● **Source material**

┌──

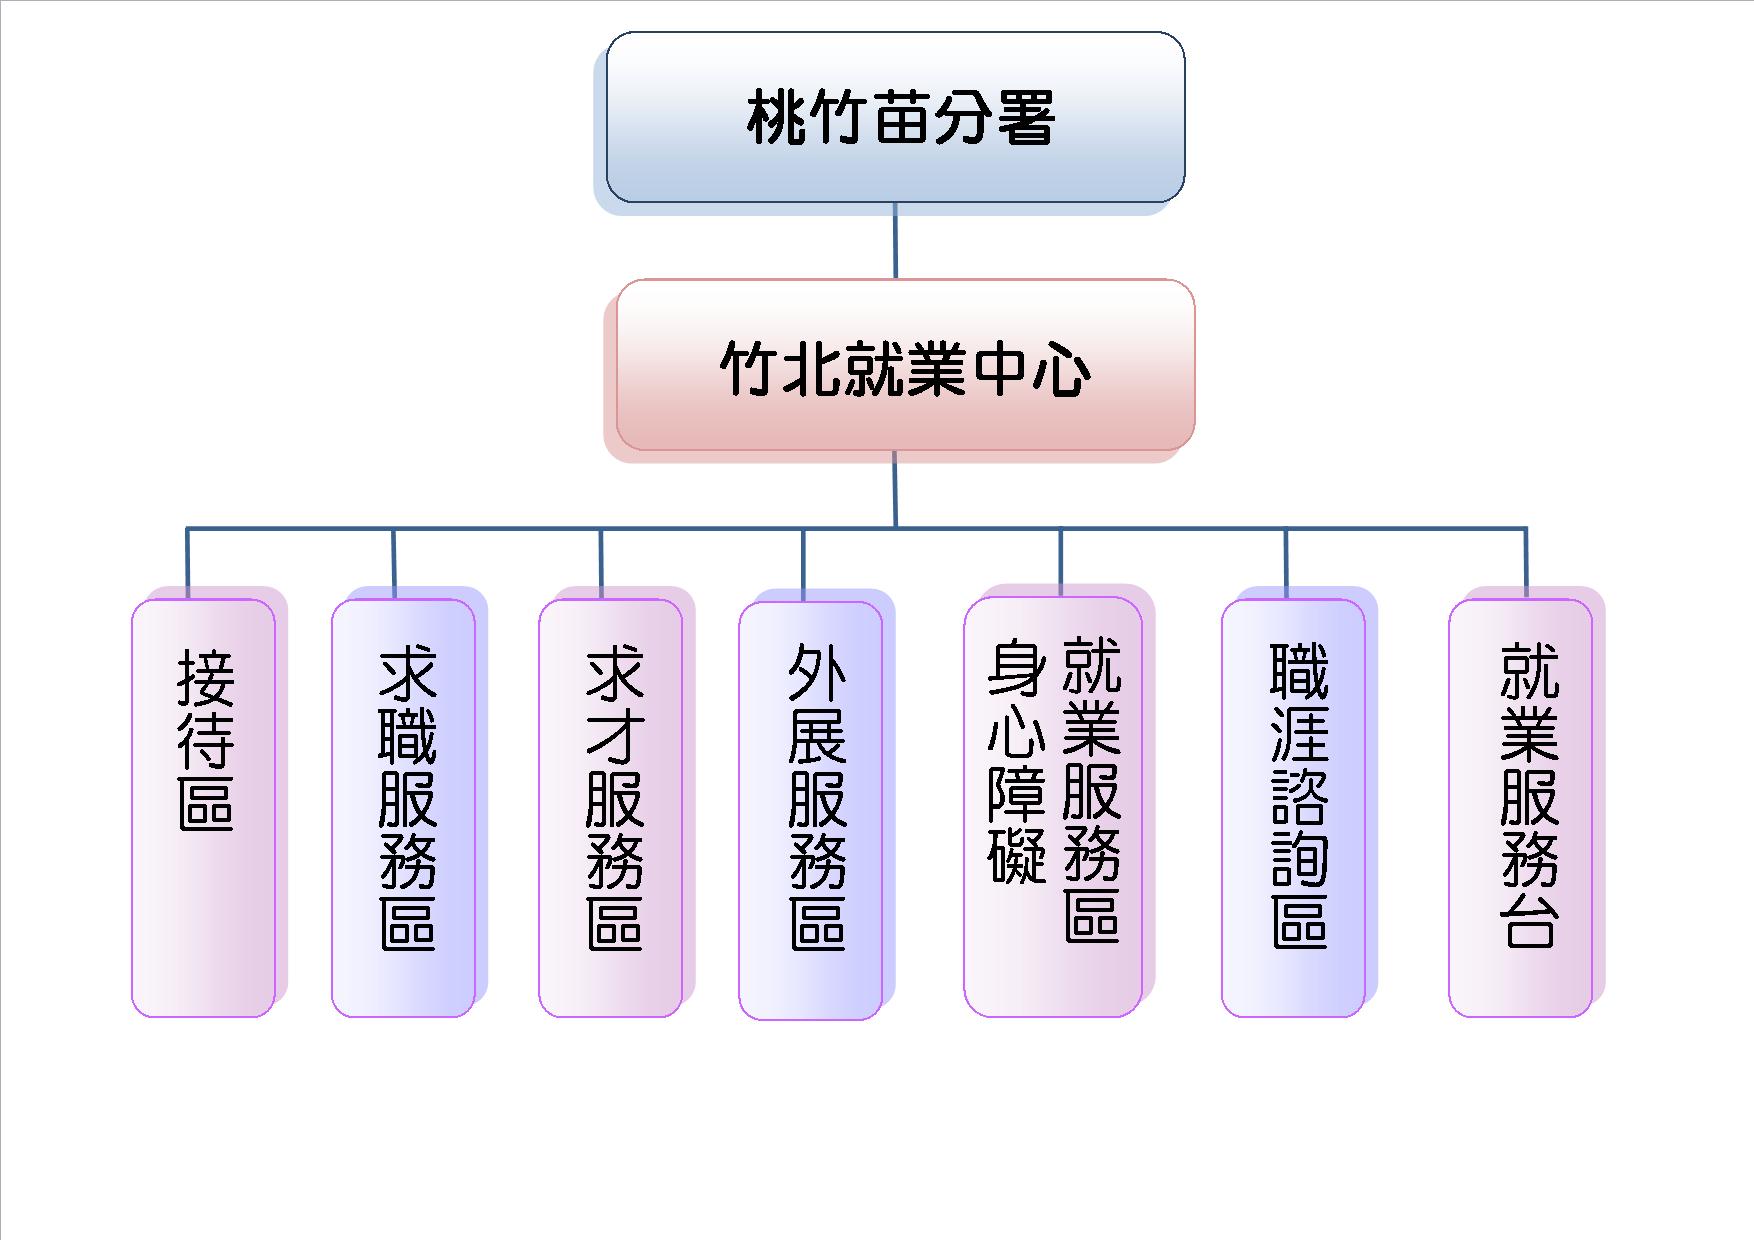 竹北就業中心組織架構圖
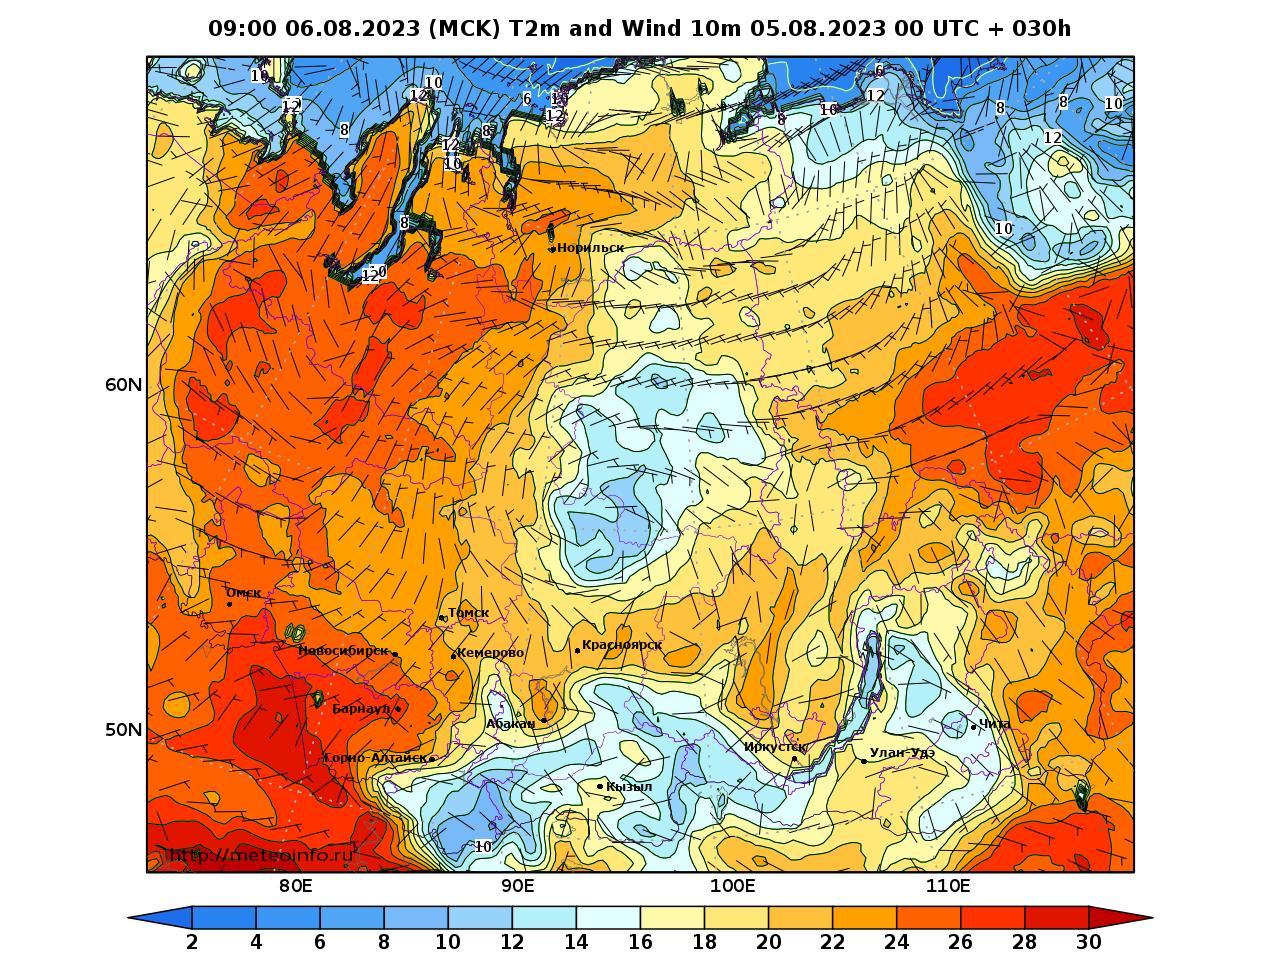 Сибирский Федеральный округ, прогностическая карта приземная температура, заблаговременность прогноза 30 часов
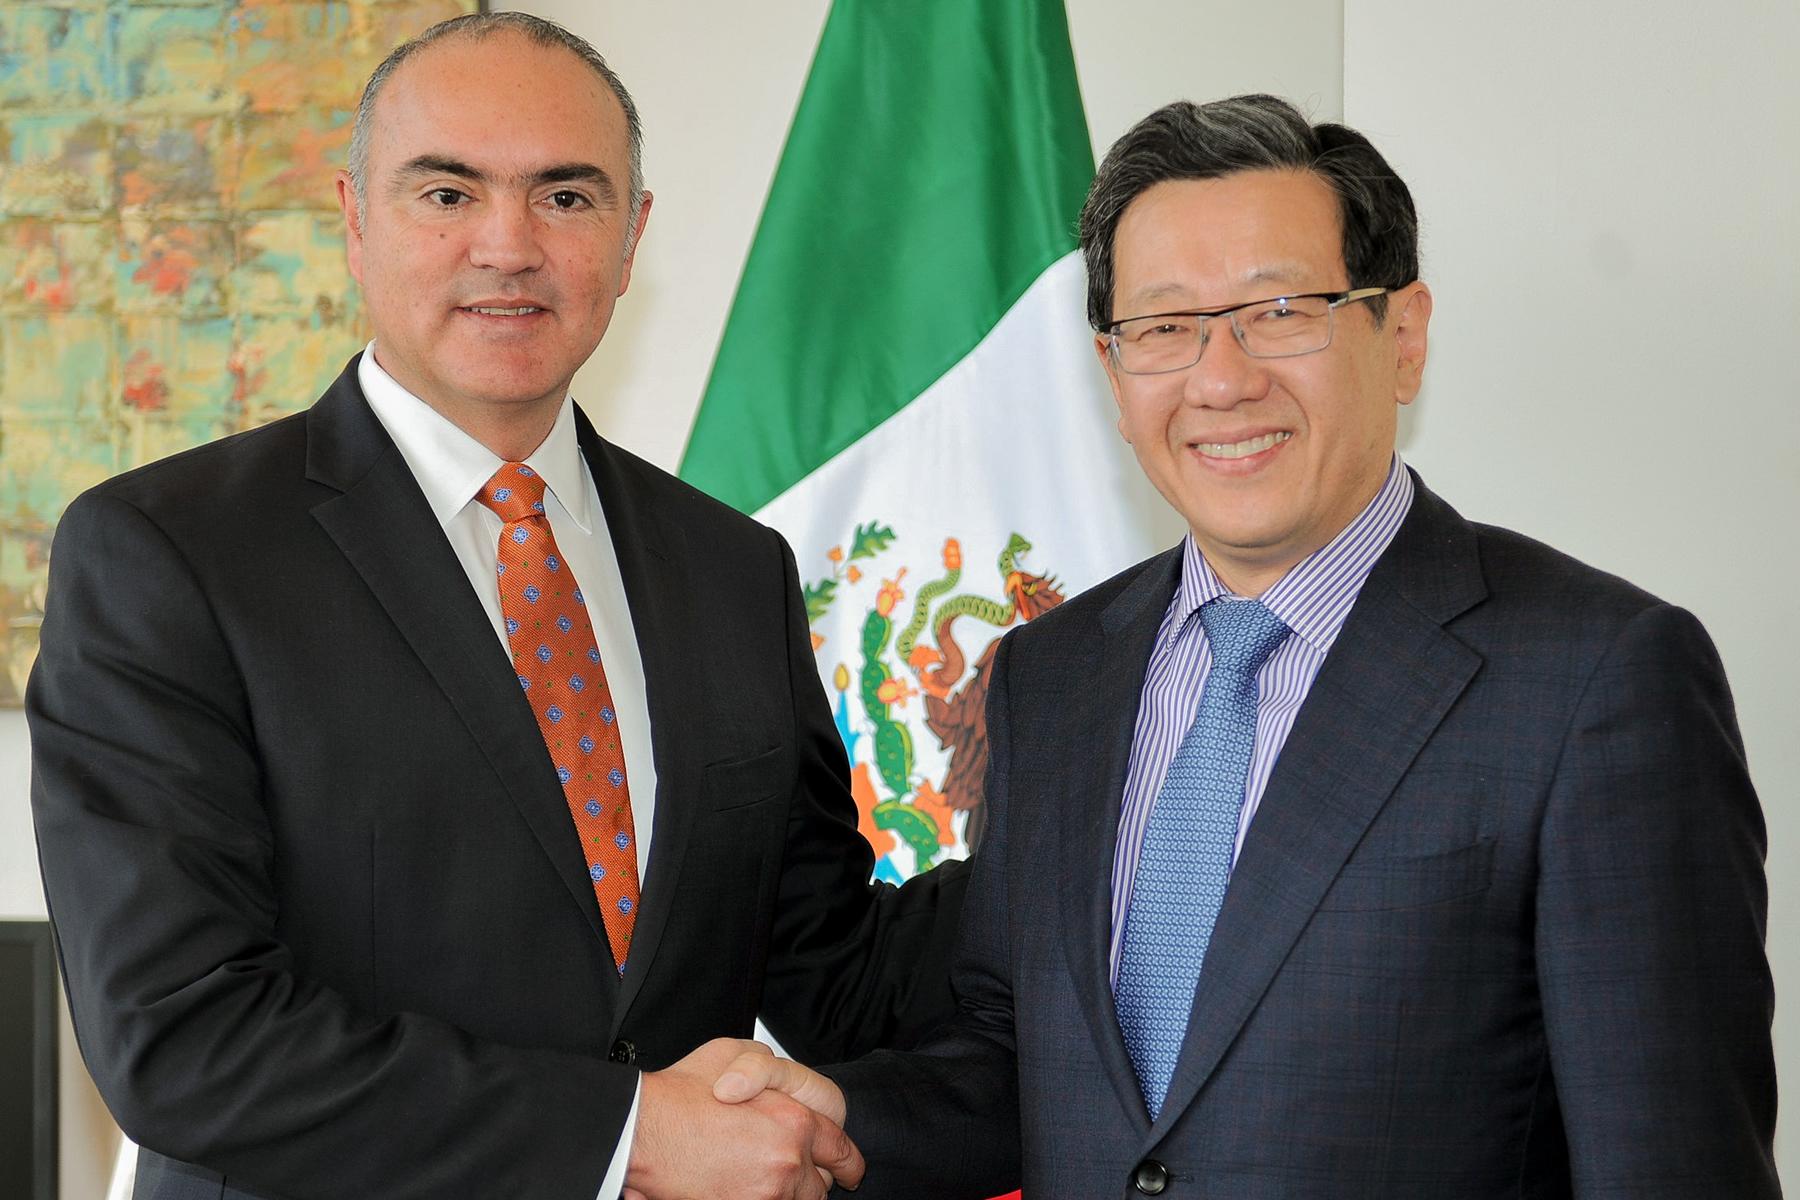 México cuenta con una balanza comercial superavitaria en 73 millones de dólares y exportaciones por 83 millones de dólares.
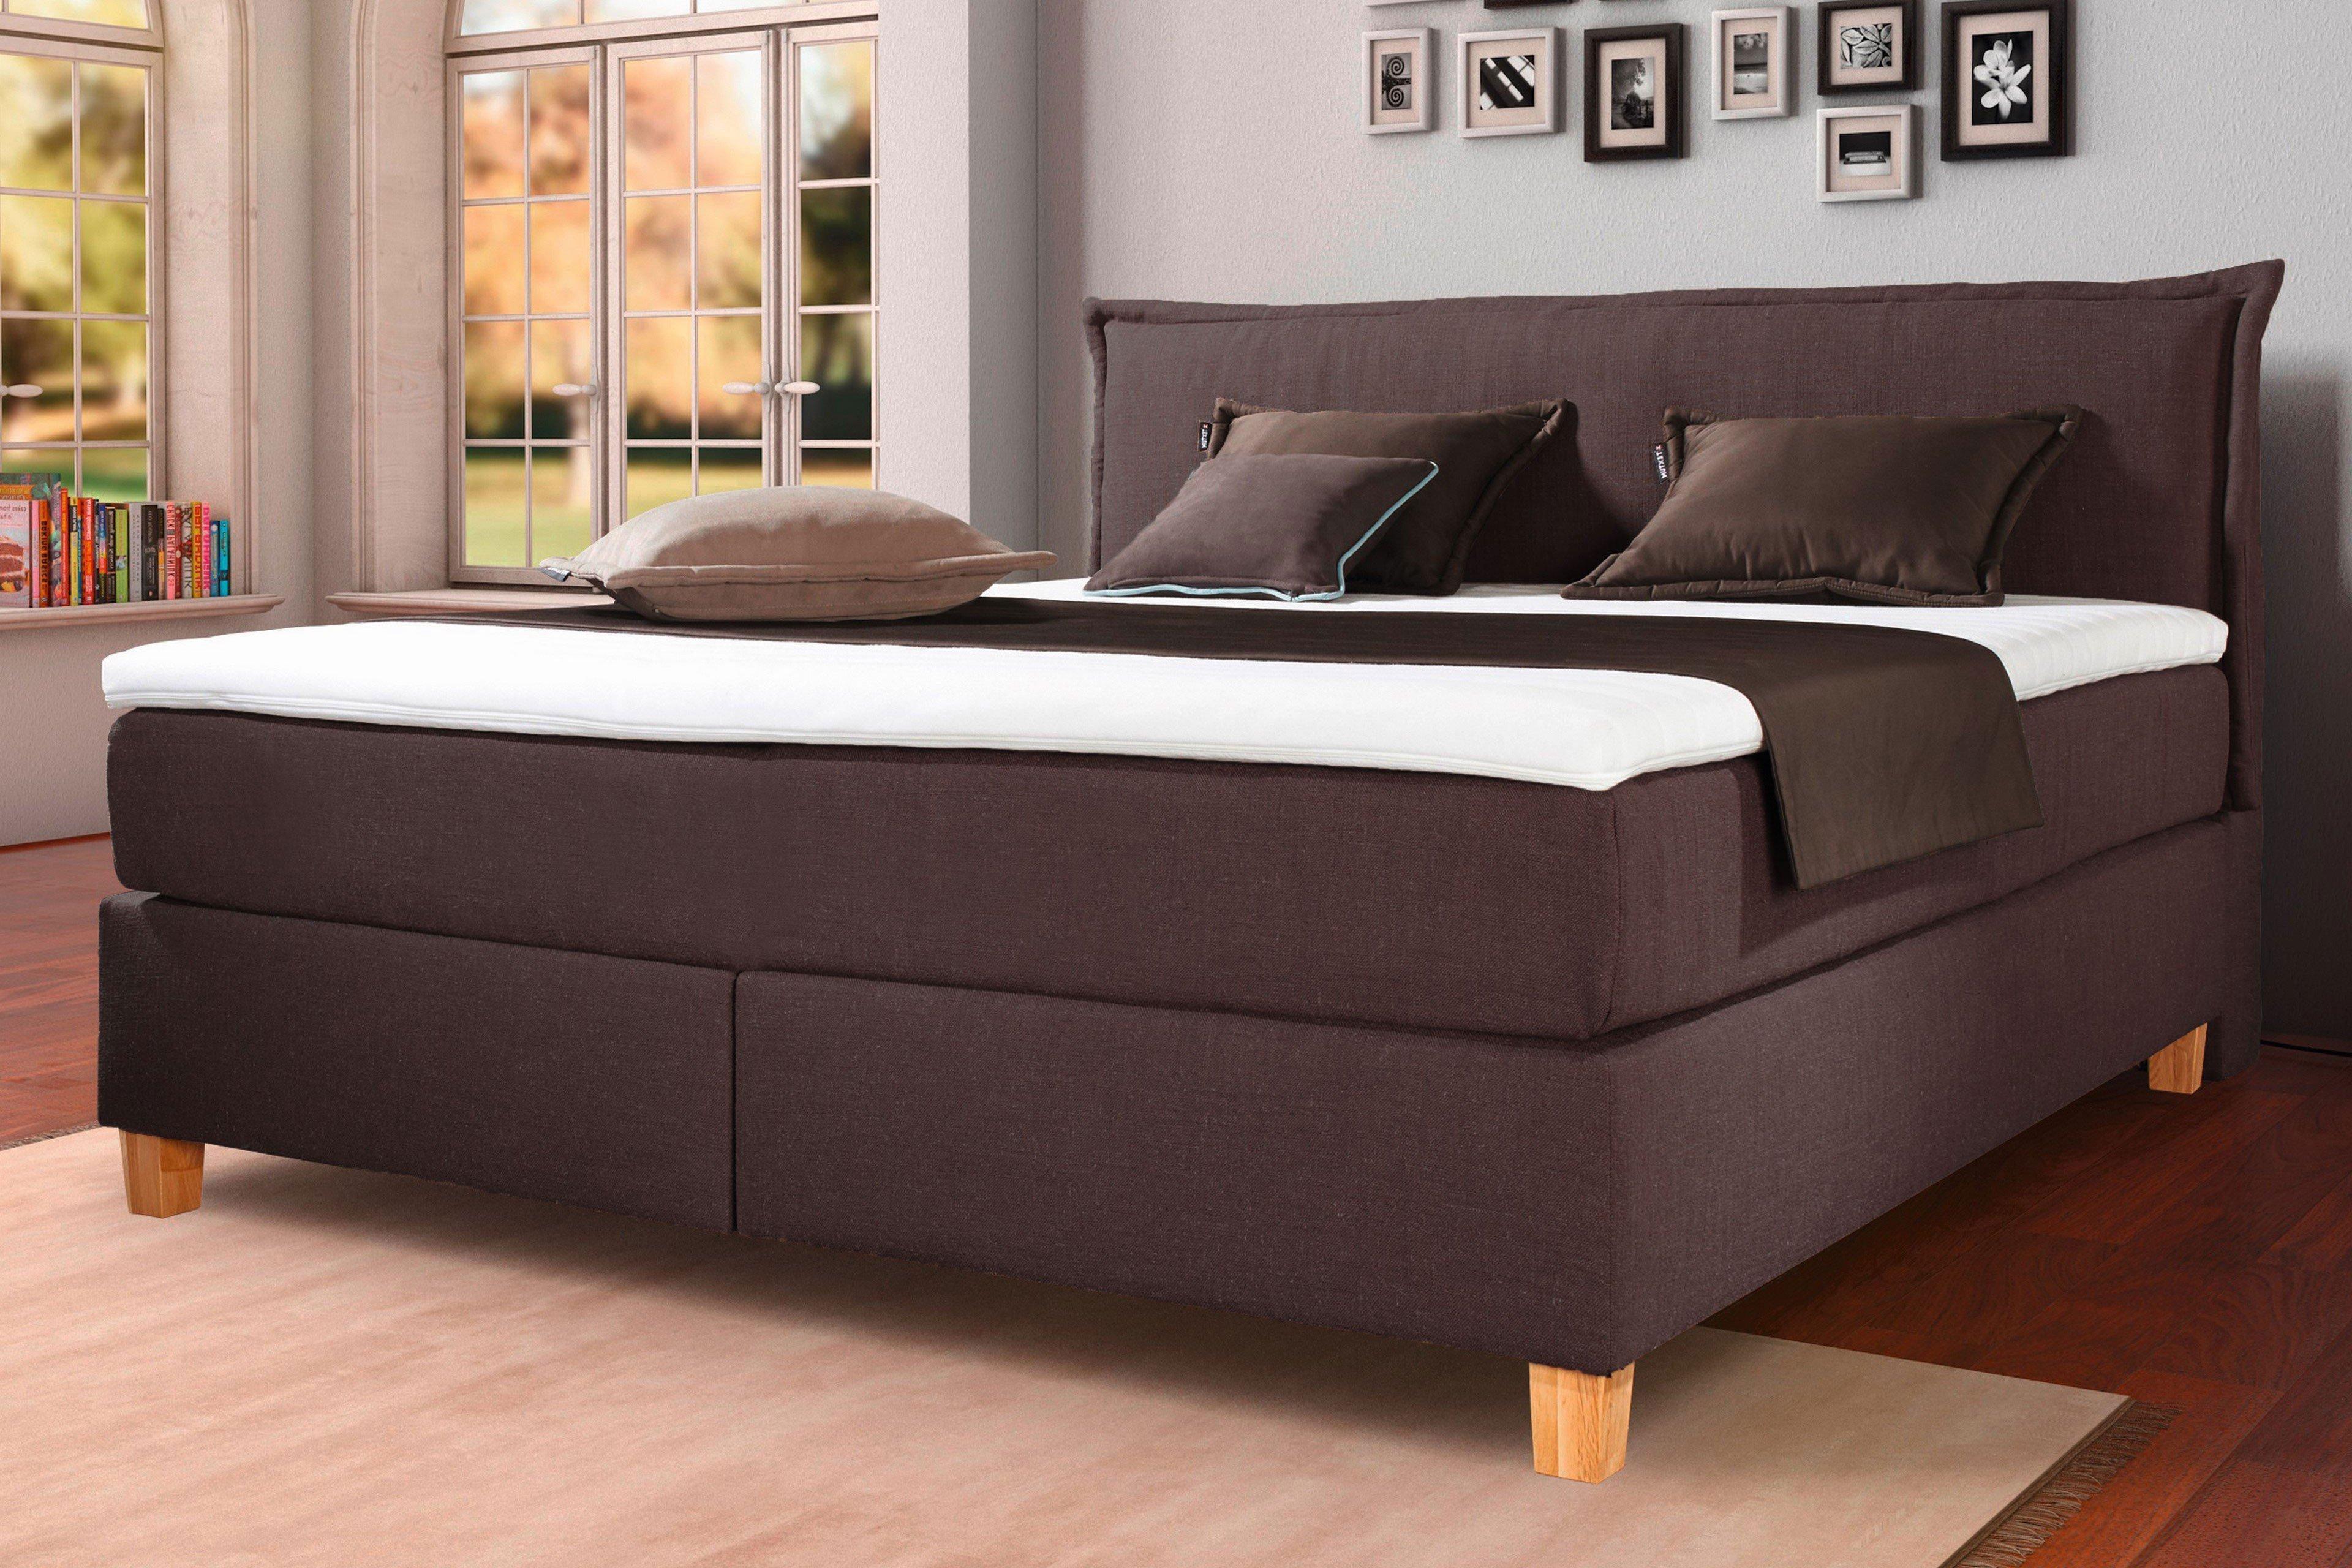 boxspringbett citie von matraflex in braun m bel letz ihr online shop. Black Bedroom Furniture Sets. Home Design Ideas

└──

● **Directions**
Where the line containing "México cuenta con" appears in the data above, begin there and output every line through the last, exactly and without pictures.

● **Solution**
 México cuenta con una balanza comercial superavitaria en 73 millones de dólares y exportaciones por 83 millones de dólares.
 boxspringbett citie von matraflex in braun m bel letz ihr online shop. Black Bedroom Furniture Sets. Home Design Ideas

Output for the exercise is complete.